Was sollen da unsere gebeutelten Dollar-Millionäre denken? Dem "World Wealth Report" zufolge ist deren Vermögen (6,28 Billionen) in Deutschland zuletzt unterdurchschnittlich gestiegen - lediglich um 2,2 Prozent im Jahr 2023. UNTERDURCHSCHNITTLICH! Das ist weniger als die Inflation. Deutschland steht, was die Anzahl der High-net-worth individuals angeht, nicht ohne Grund auf einem ziemlich blamablen dritten Platz. Wenn man es genau nimmt, sind unsere Millionäre also ärmer geworden. Warum sollen dann ausgerechnet die Mindestlohnbezieher reicher werden? Das bringt doch das ganze Gefüge durcheinander. Ich sehe jedenfalls schwarz, sollte das ökonomisch wahnwitzige Ansinnen der "Denkfabrik" tatsächlich durchgehen.

Wissen Mindestlohnbezieher überhaupt, wie schwer es ist, ein Vermögen von insgesamt 6.280.000.000.000 Dollar zu verwalten? Natürlich nicht, woher auch? Und die "Denkfabrik" ohne Zweifel ebenso wenig. Die Mitglieder im Club der Dollar-Millionäre haben es echt schwer. Wer obendrein das Pech hatte, in eine Millionärs-Dynastie hineingeboren zu werden, durfte sich seinen Wohlstand noch nicht einmal selbst erarbeiten.
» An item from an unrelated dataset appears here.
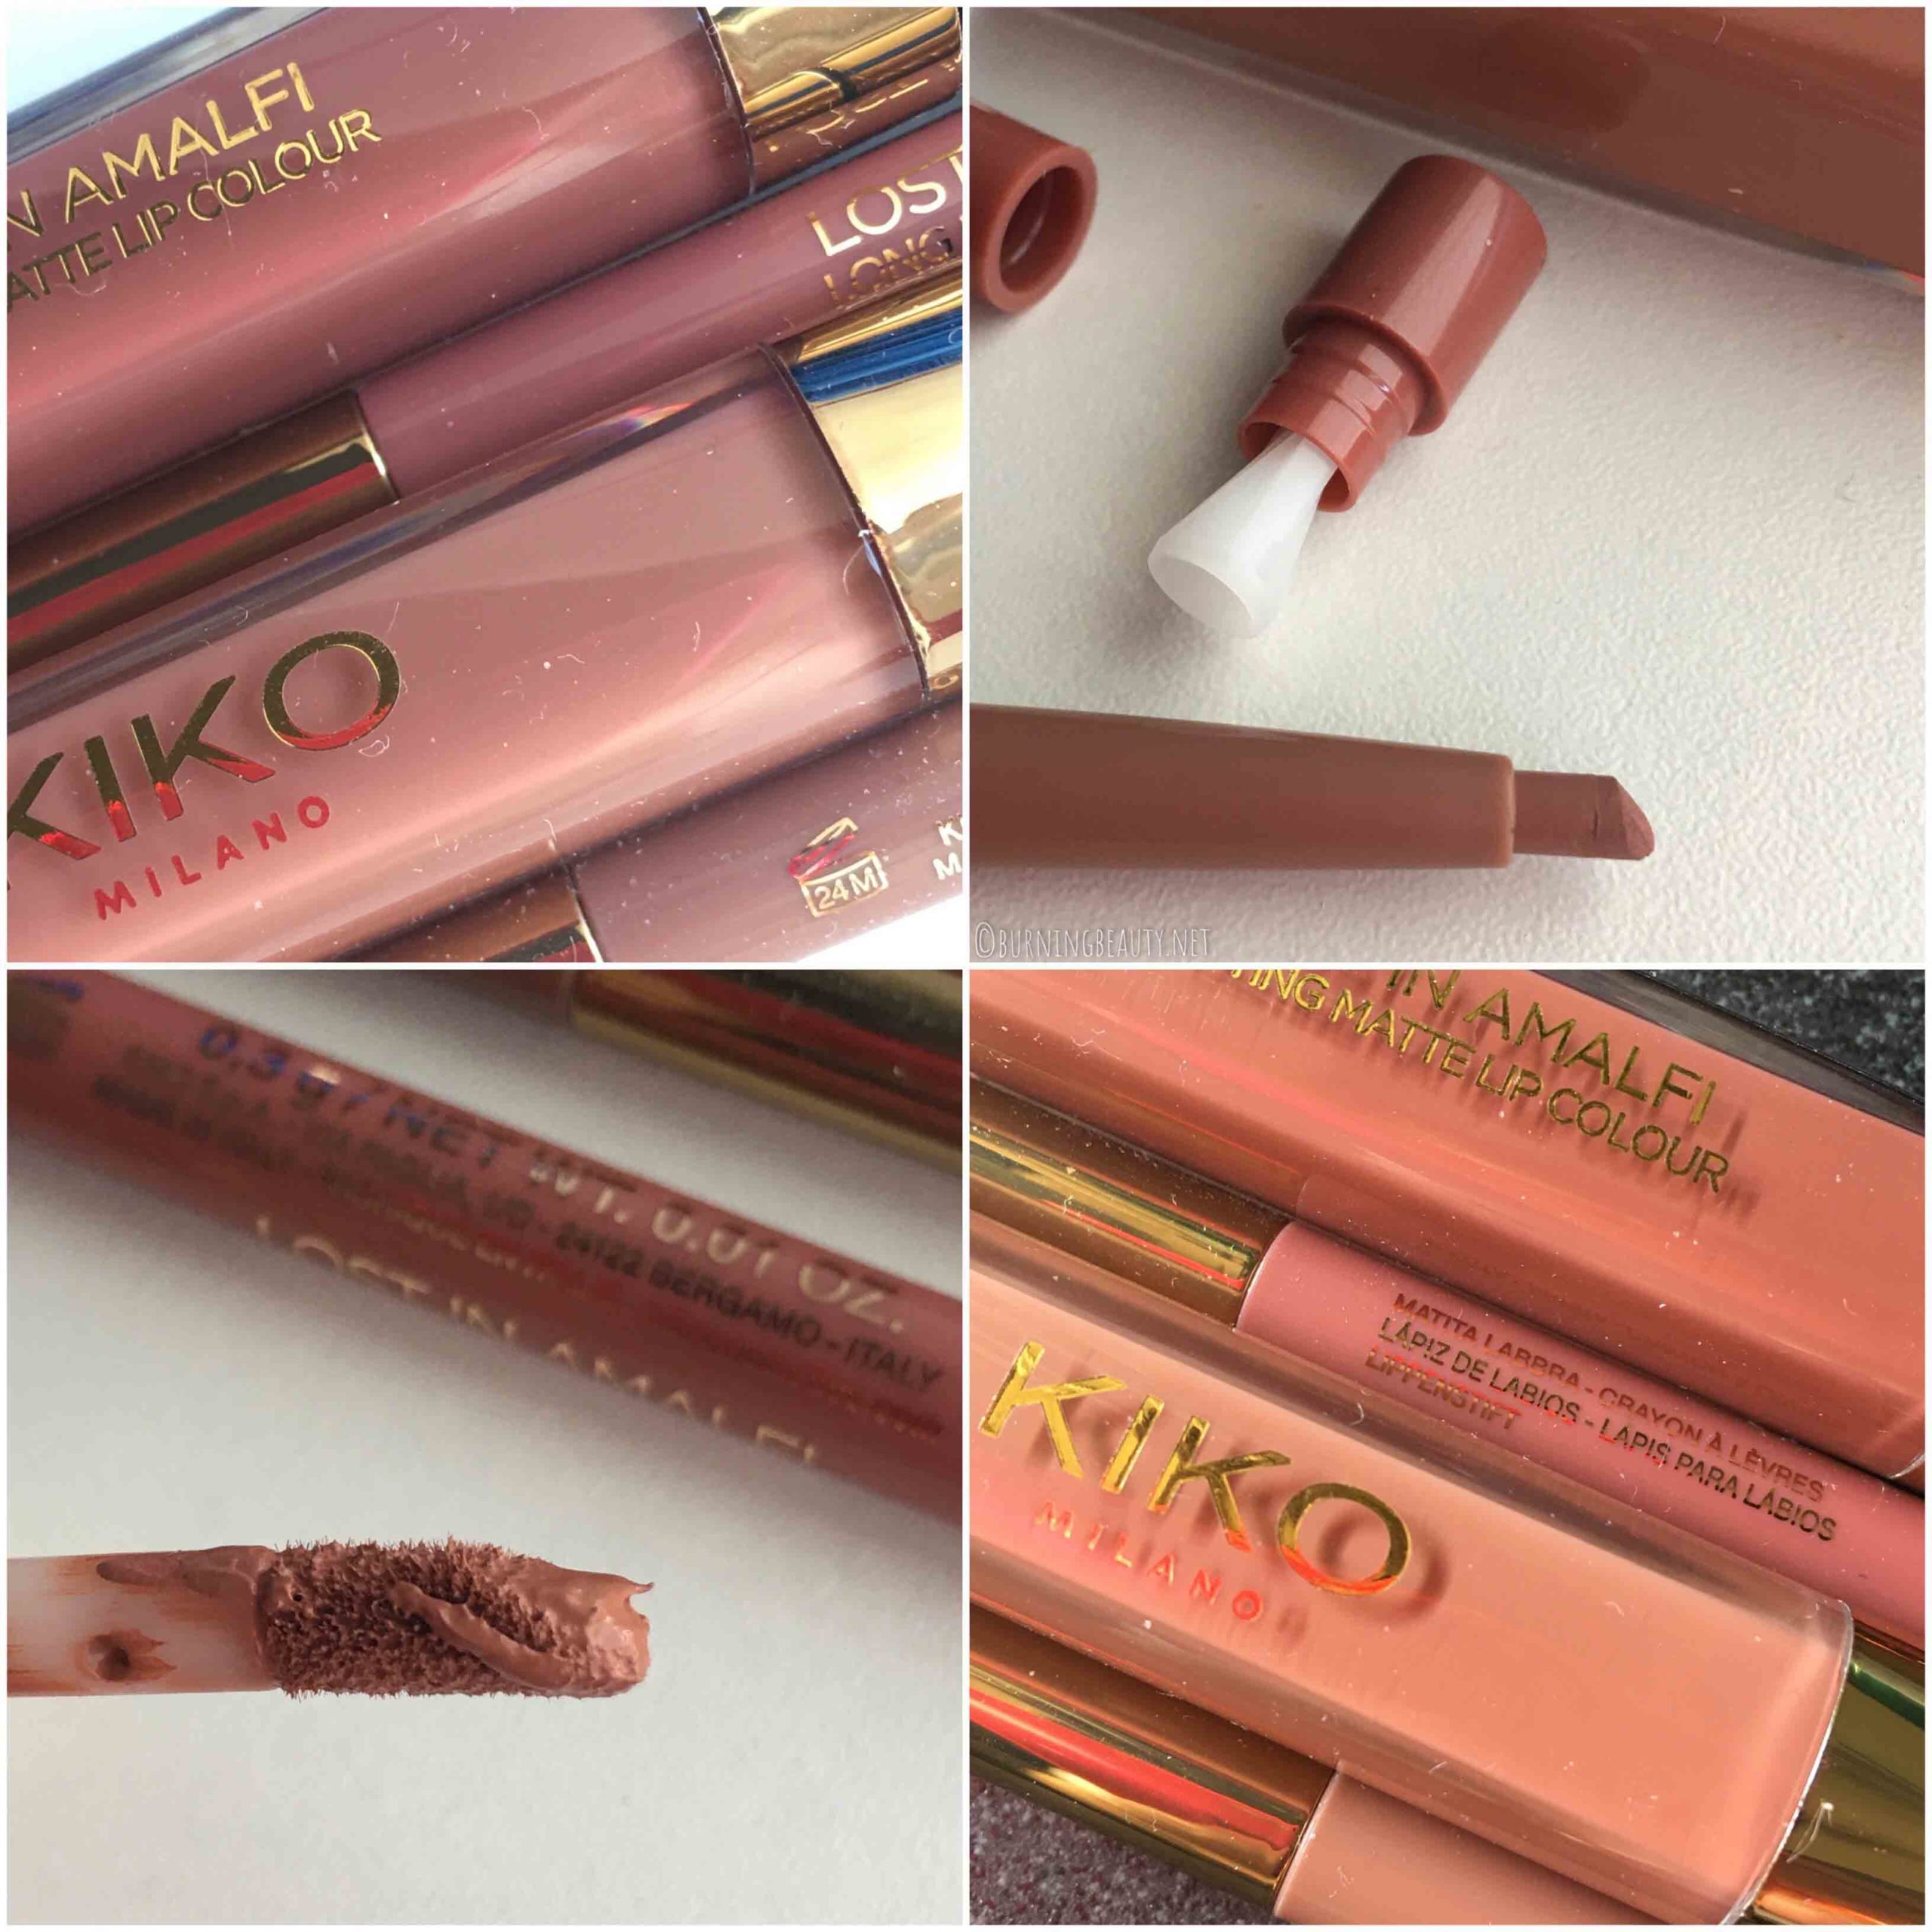 kiko lost in amalfi liquid lipstick pencil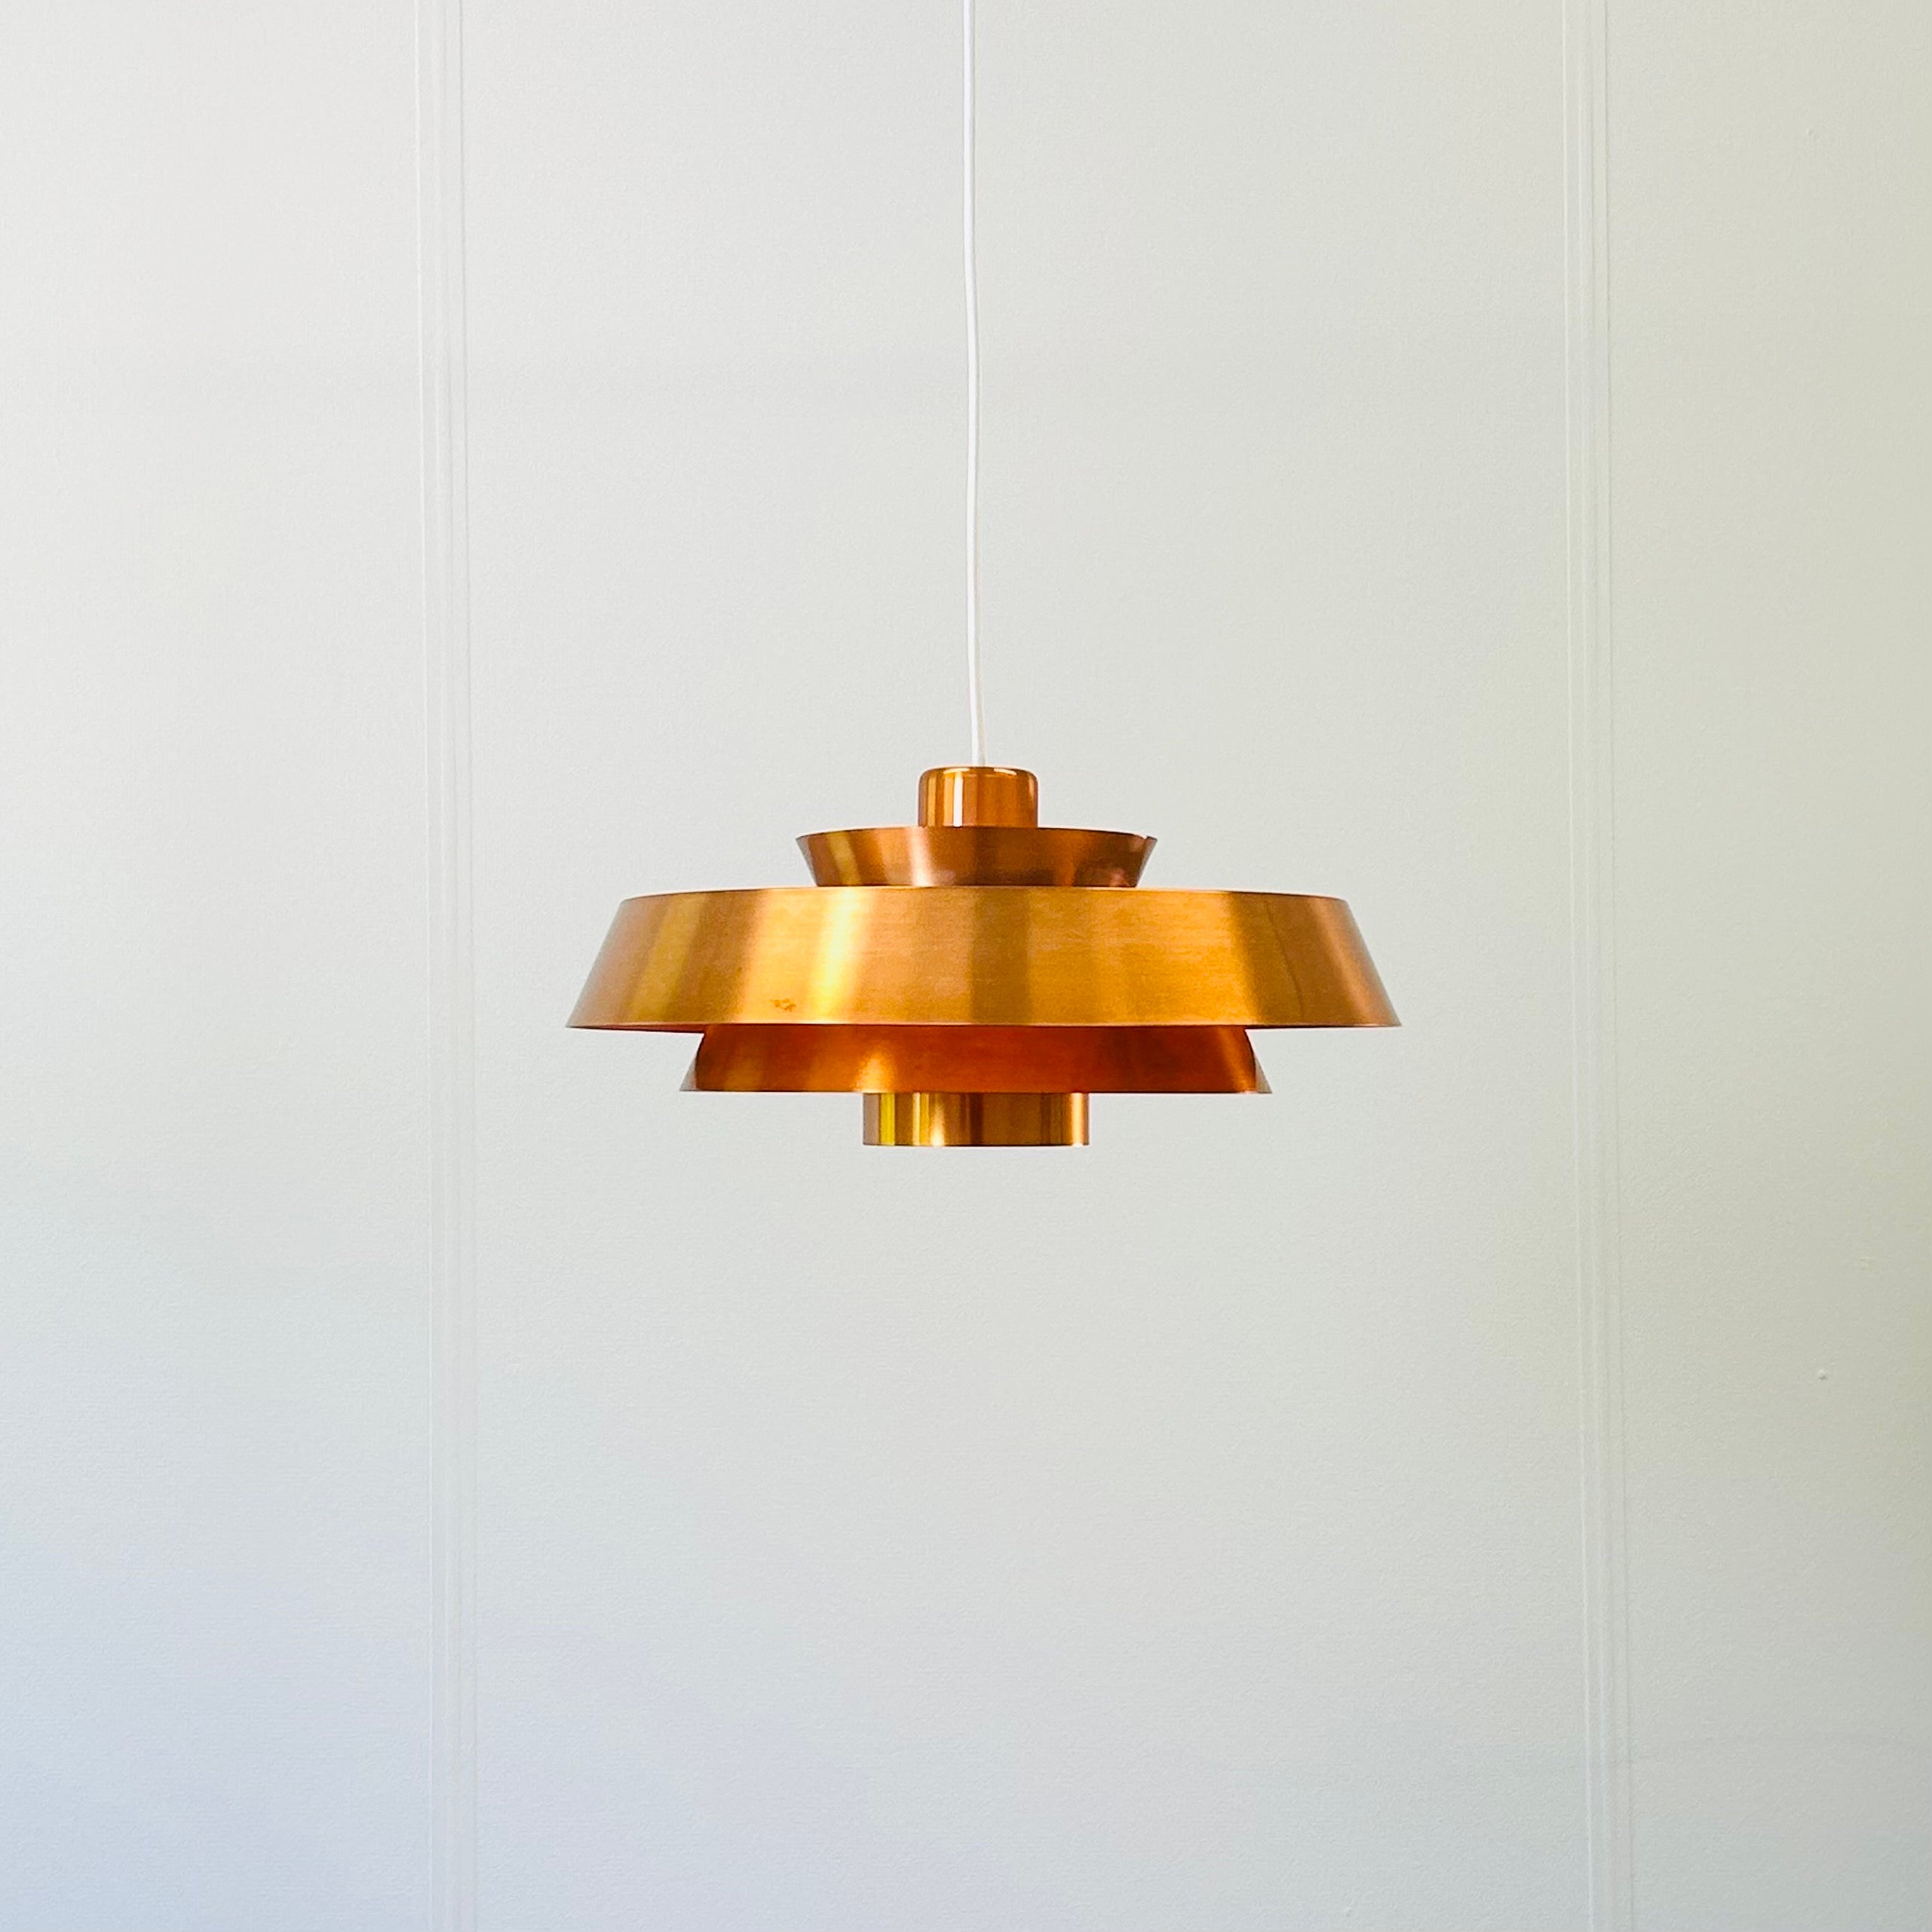 Danish Copper Nova Pendant Light by Jo Hammerborg for Fog & Morup, 1960s, Denmark For Sale

Keiner kann nachempfinden wie das ist, wenn man auf einer Cocktail-Party kleinlaut eingestehen muss, dass einem alles ohne eigenes Zutun in den Schoß gefallen ist. Lassen Sie es sich gesagt sein: In solch peinlichen Situationen ist das höhnische Lächeln der Selfmade-Millionäre absolut unerträglich! Ach, alles bloß ererbt? Ja, leider. Welch furchtbare Schmach! Da tröstet es dann auch nicht, wenn der faktische Millionärs-Steuersatz mithilfe des Werkzeugkastens der Vermögensberater niedriger ausfällt als bei einer Krankenschwester oder Erzieherin. Schließlich muss man von irgendwas leben.

Angesichts dessen ist doch sonnenklar: Das Millionärs/Niedriglöhner-Abstandsgebot darf keinesfalls aufgeweicht werden. Wenn die 1,646 Millionen Millionäre weiterhin brav FDP oder CDU wählen, wird das bestimmt auch klappen. Respekt vor Leistung und Eigentum sind in der Defensive, beklagt Christian Lindner. Und wo er recht hat, hat er eben recht. Zum Glück huldigt auch die CDU dem Leistungsprinzip. "Wohlstand ohne Leistung ist eine Illusion", heißt es dort. Okay, zugegeben, von den Erben riesiger Vermögen einmal abgesehen. Darauf noch einen Cocktail?